If you visit a site such as CoinMarketCap, you can see on the homepage the current number of cryptocurrencies that have been defined on the platform. That number is over 25,000. Of course, many of these cryptocurrencies are dead projects, meaningless meme coins, and more. But not even 20 years ago, that number was zero. There were no cryptocurrencies.
As we’ll see cryptography was certainly a thing, but crypto as we know it today is all thanks to the first cryptocurrency. The first, and what most consider to be the best digital asset on the market. Its name doesn’t even need to be said in all likelihood. But its creation along with blockchain technology were the first instance of cryptocurrency. Let’s start with cryptography.
1990s Precursors to Crypto
David Chaum was an American cryptographer. Cryptography is a way in which to send and receive information that can’t be interpreted if intercepted, encryption and decryption. In 1995, Chaum created an anonymous cryptographic electronic money called Digicash. Digicash required user software to withdraw from a bank, and then required specific encrypted keys before it could be sent to a recipient. This was then untraceable by the bank, government, or any third-party.

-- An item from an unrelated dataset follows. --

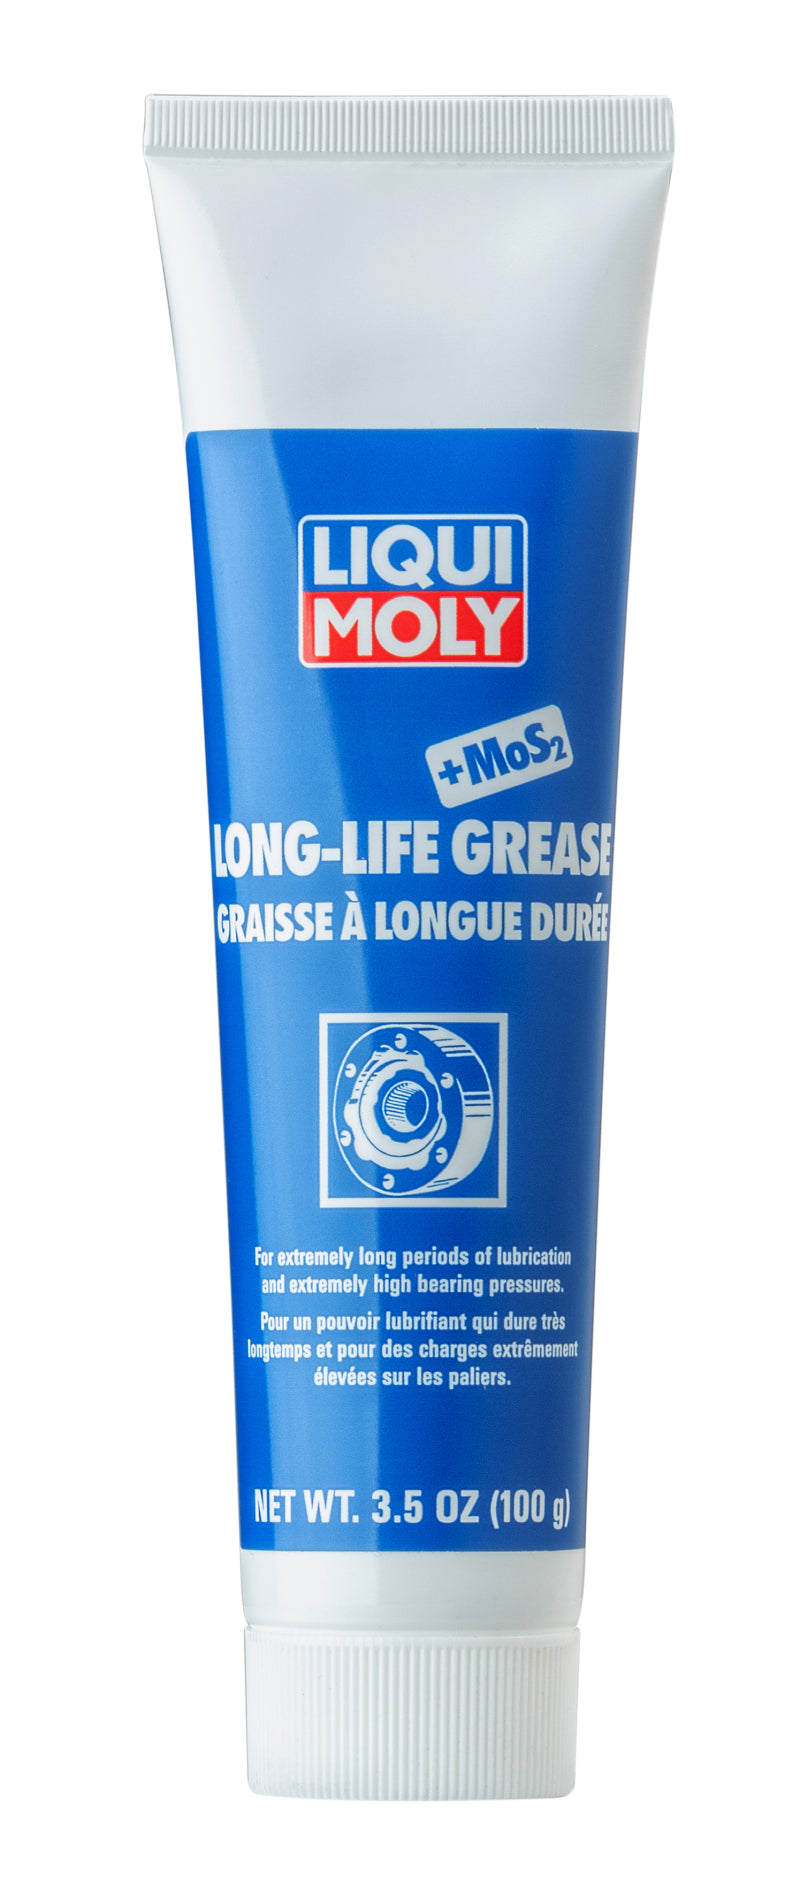 LIQUI MOLY 100g Long-Life Grease + MoS2.

Just three years later in 1998, Bit Gold was designed by Nick Szabo. Bit Gold required users to dedicate computer power to solving cryptographic puzzles. Those who solved the puzzle received a reward. The issue Szabo ran into though, was that he still needed a central authority like a bank to watch over Bit Gold.
When you put Chaum and Szabo’s concepts together, you get a makeshift Bitcoin. Digicash helped to provide the basis for private keys (essentially a PIN), and Bit Gold helped to provide the basis for crypto mining (using computer power to solve puzzles and earn rewards).
A decade later, the mysterious Satoshi Nakamoto published a white paper called Bitcoin – A Peer to Peer Electronic Cash System, and Bitcoin, the first cryptocurrency, began its life.
On October 31, 2008, Satoshi Nakamoto published the Bitcoin white paper, describing the functionality of the Bitcoin blockchain network. No one really knows who he, she, or they are, and there has been much debate as to the identity of Nakamoto. Real identity notwithstanding, Satoshi formally began work on Bitcoin on August 18th, 2008, when they purchased Bitcoin.org. The history of Bitcoin was then underway.
Satoshi Nakamoto mined Bitcoin’s first block on January 3, 2009. They embedded a headline from The Times newspaper in this initial block: “The Times 03/Jan/2009 Chancellor on brink of second bailout for banks.” This was making a permanent reference to the economic conditions involving bank bailouts during the 2008 mortgage crisis and the centralized financial system. Something that we’ve reexperienced in 2023.
The first block, which had a block reward of 50 bitcoins being, is now referred to as the Genesis Block. Bitcoin had virtually no value at this time and didn’t really have any use as a means of payment until the infamous Bitcoin Pizza Day in May 2010.
By October 2011, Litecoin (LTC) had appeared, as had other conceptualizations of Bitcoin, often referred to as altcoins. They were all derived from Bitcoin’s code, which was and remains to be open-source.
Why Was Bitcoin Created?
Bitcoin – A Peer to Peer Electronic Cash System was released in 2008, in the midst of the subprime mortgage crisis in the US. Nakamoto began working on Bitcoin around the time of the start of the mortgage crisis in the US, which seems no small coincidence. The inclusion of the Times headline in the first Genesis block regarding bank bailouts furthers this. Nakamoto created a foundation for cryptographically secure systems that can’t be tampered with, are transparent, and can’t be censored in Bitcoin, the first cryptocurrency.
Bitcoin’s peer-to-peer (P2P) system is designed to allow individuals to reclaim financial power through a decentralized financial system. This is a major goal of most cryptocurrencies, but is exemplified by Bitcoin. Decentralization eliminates the need for actors such as companies, financial institutions, or governments, to be part of the infrastructure of blockchain networks, without sacrificing security. A decentralized system would ensure you always have access to your funds when you want to, unlike when Silicon Valley Bank depositors tried to get out their money in early March.
The difference between blockchain and the financial systems which created the mortgage crisis is that transactions are visible to all participants and securely distributed across an entire network. This means it can be audited by the public.
Had there been more transparency within the centralized financial system, the 2008 mortgage crisis could perhaps have been avoided. With more banking failures occurring again over 15 years later, one starts to wonder when the system might change.